Data block Start Marker
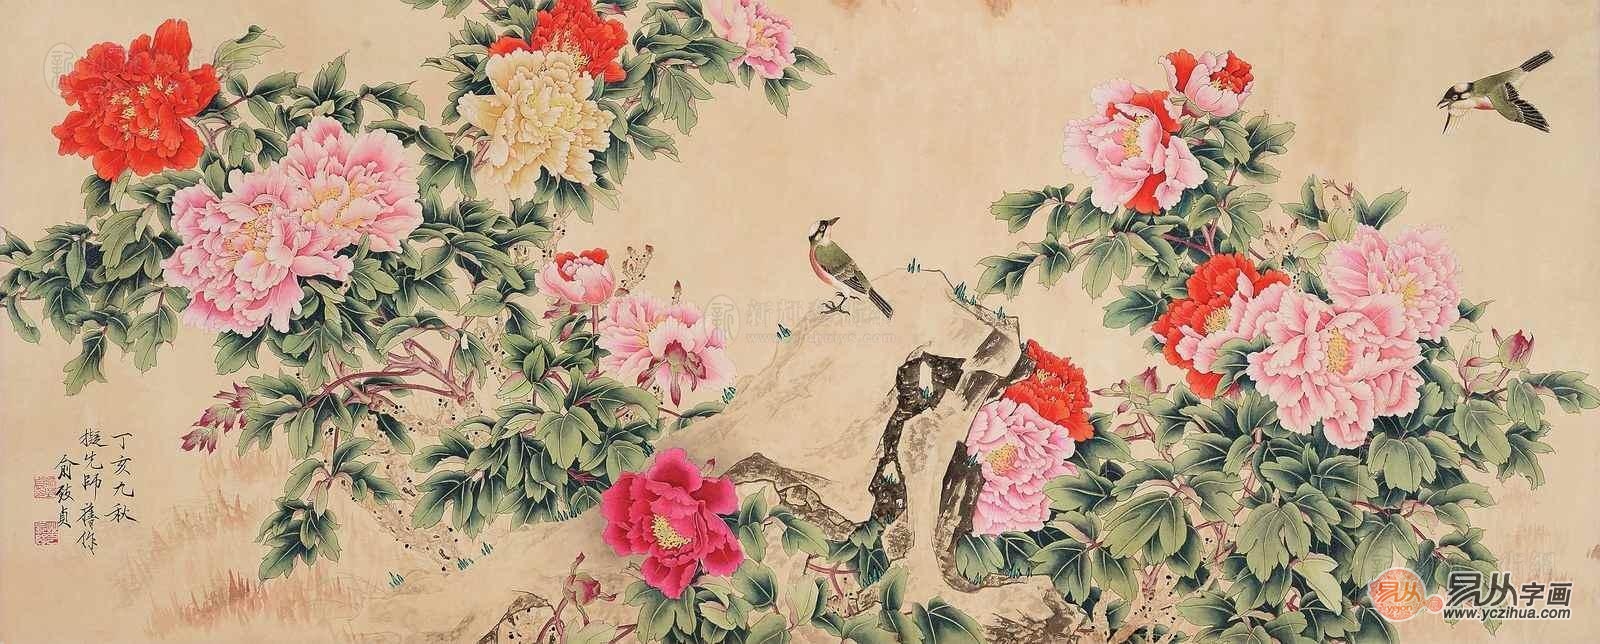 工笔花鸟画大师俞致贞八尺横幅牡丹图《富贵花开》
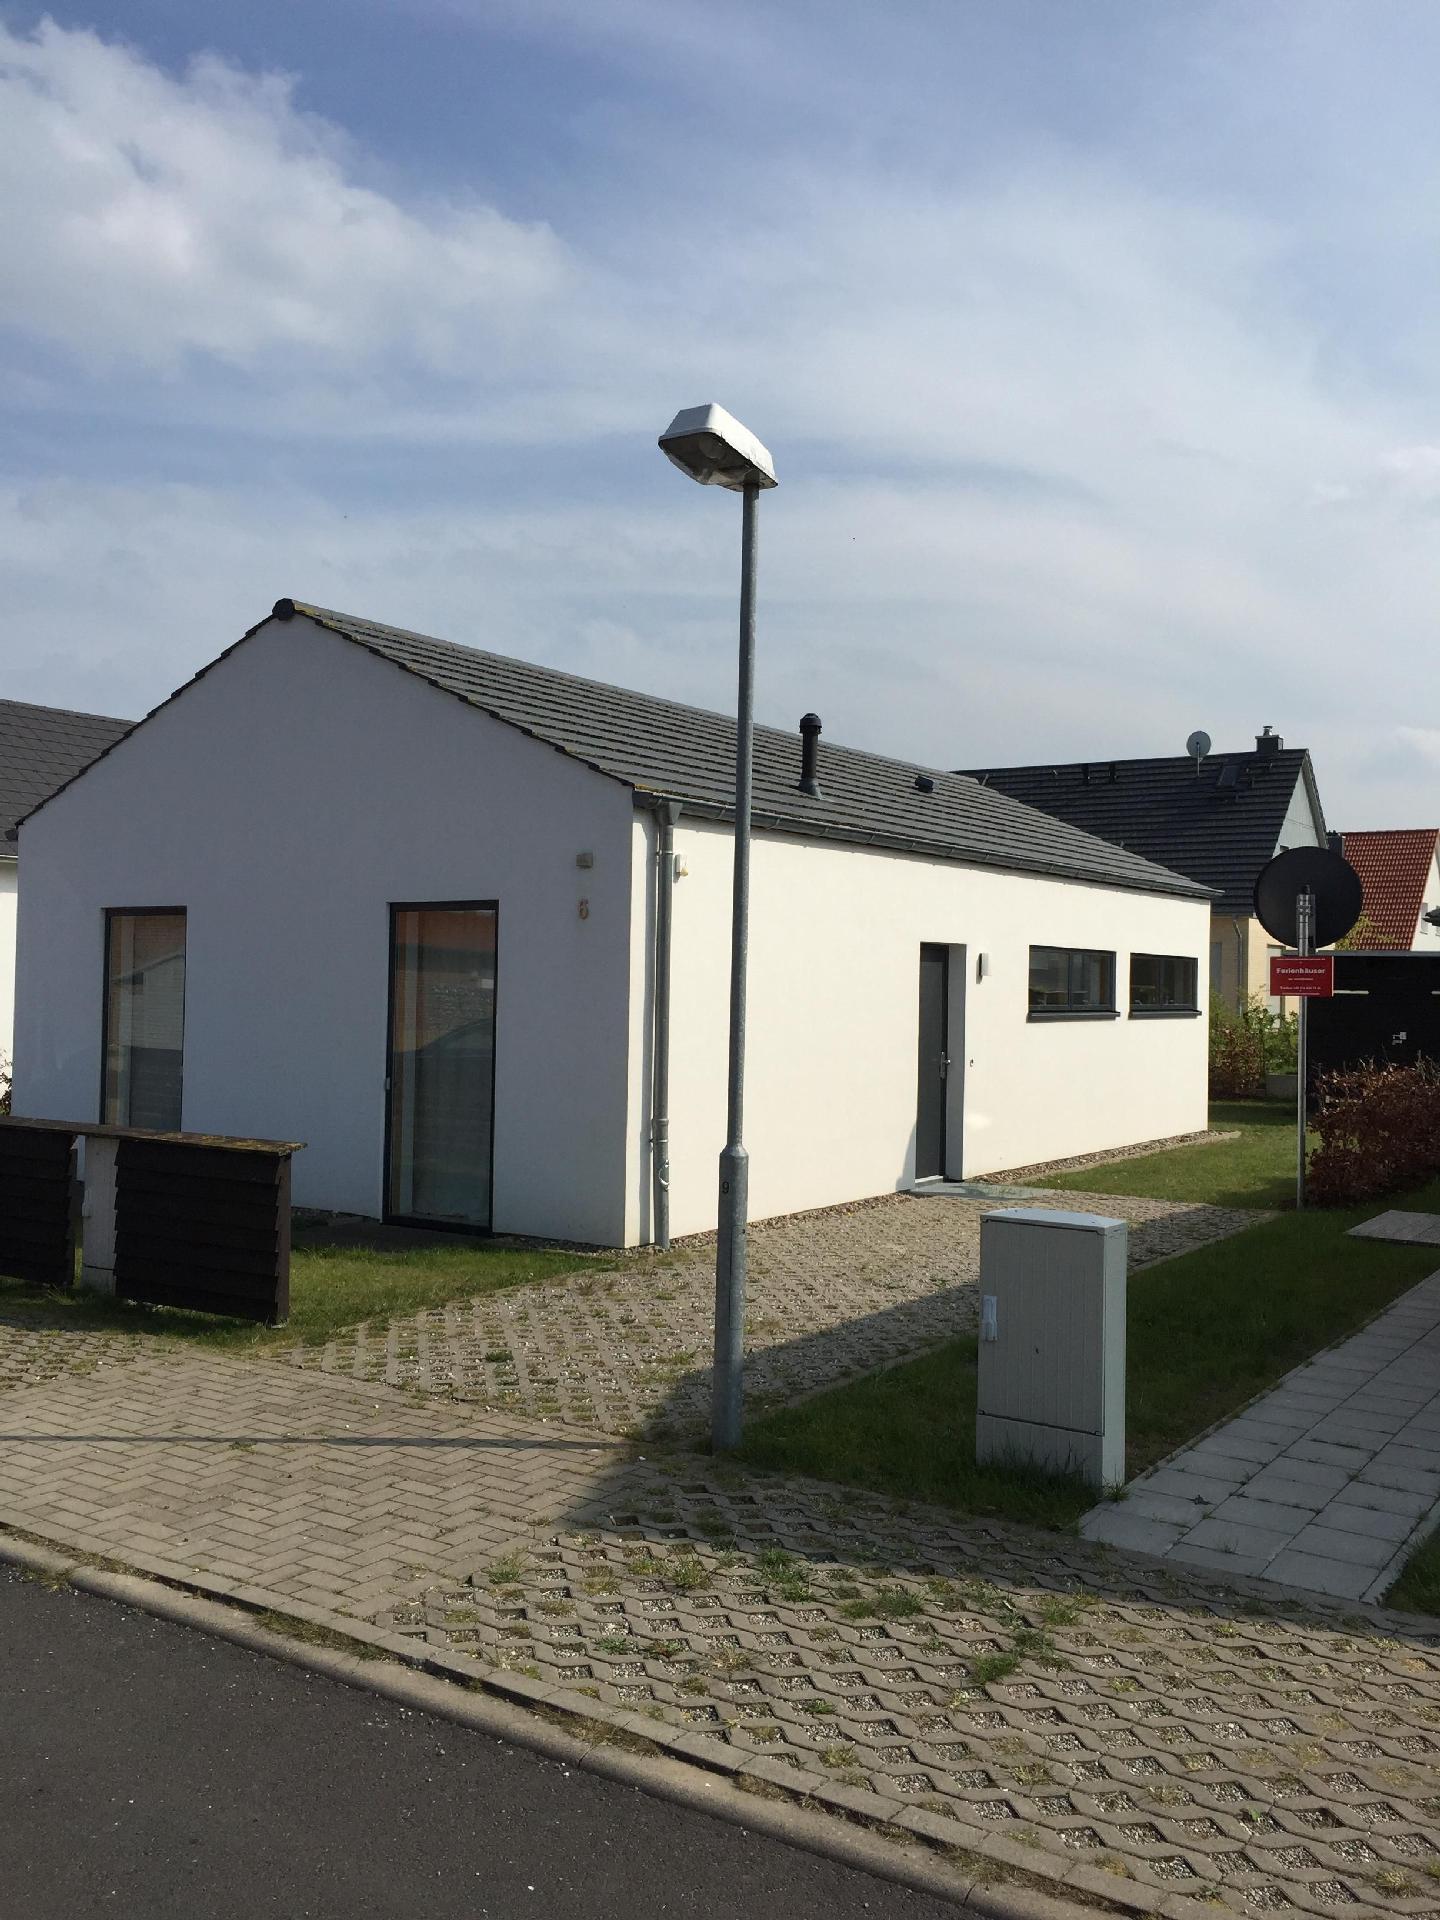 Ferienhaus mit grosser Terrasse und Stelllplatz na Ferienhaus in Mecklenburg Vorpommern
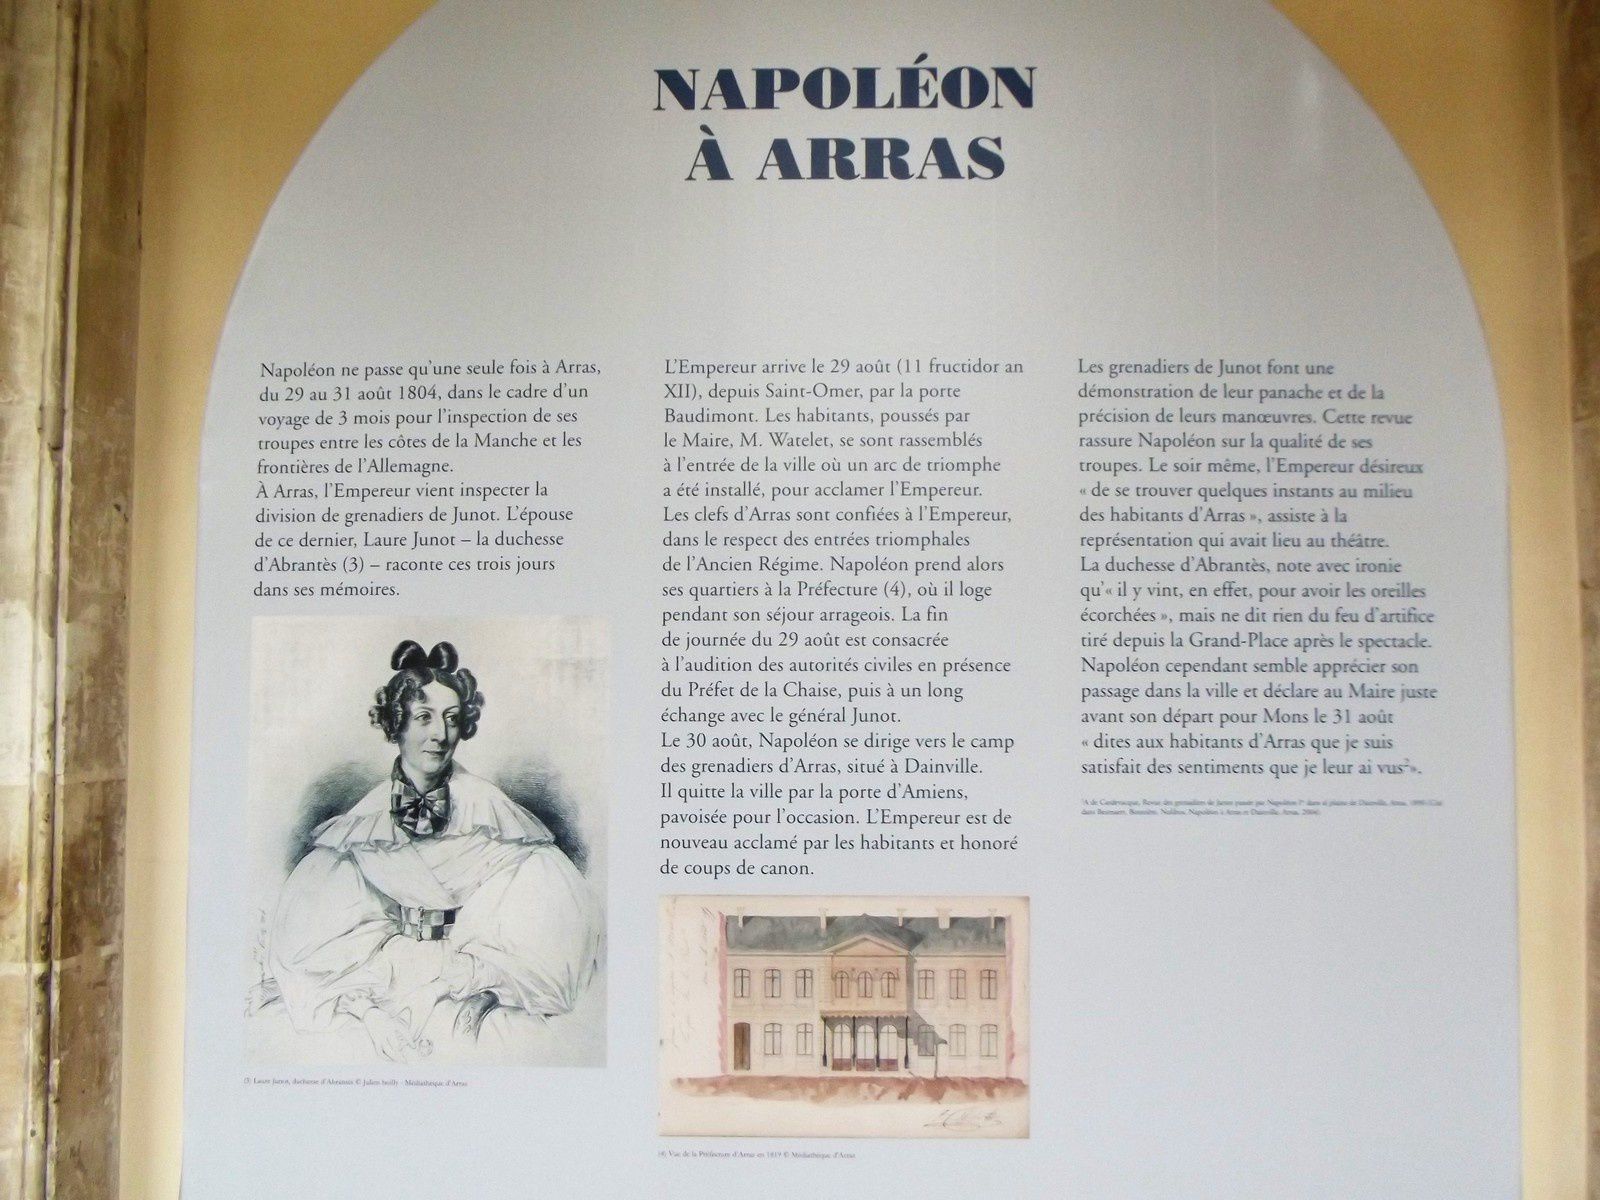 Photos 5 et 6 : Les parents de Napoléon Charles et Letizia Bonaparte
Data block End Marker
== Exercise aim ==
Could you give the listing above again word for word, without any pictures?

== Answer for this exercise ==
 工笔花鸟画大师俞致贞八尺横幅牡丹图《富贵花开》
 Ferienhaus mit grosser Terrasse und Stelllplatz na Ferienhaus in Mecklenburg Vorpommern
 Photos 5 et 6 : Les parents de Napoléon Charles et Letizia Bonaparte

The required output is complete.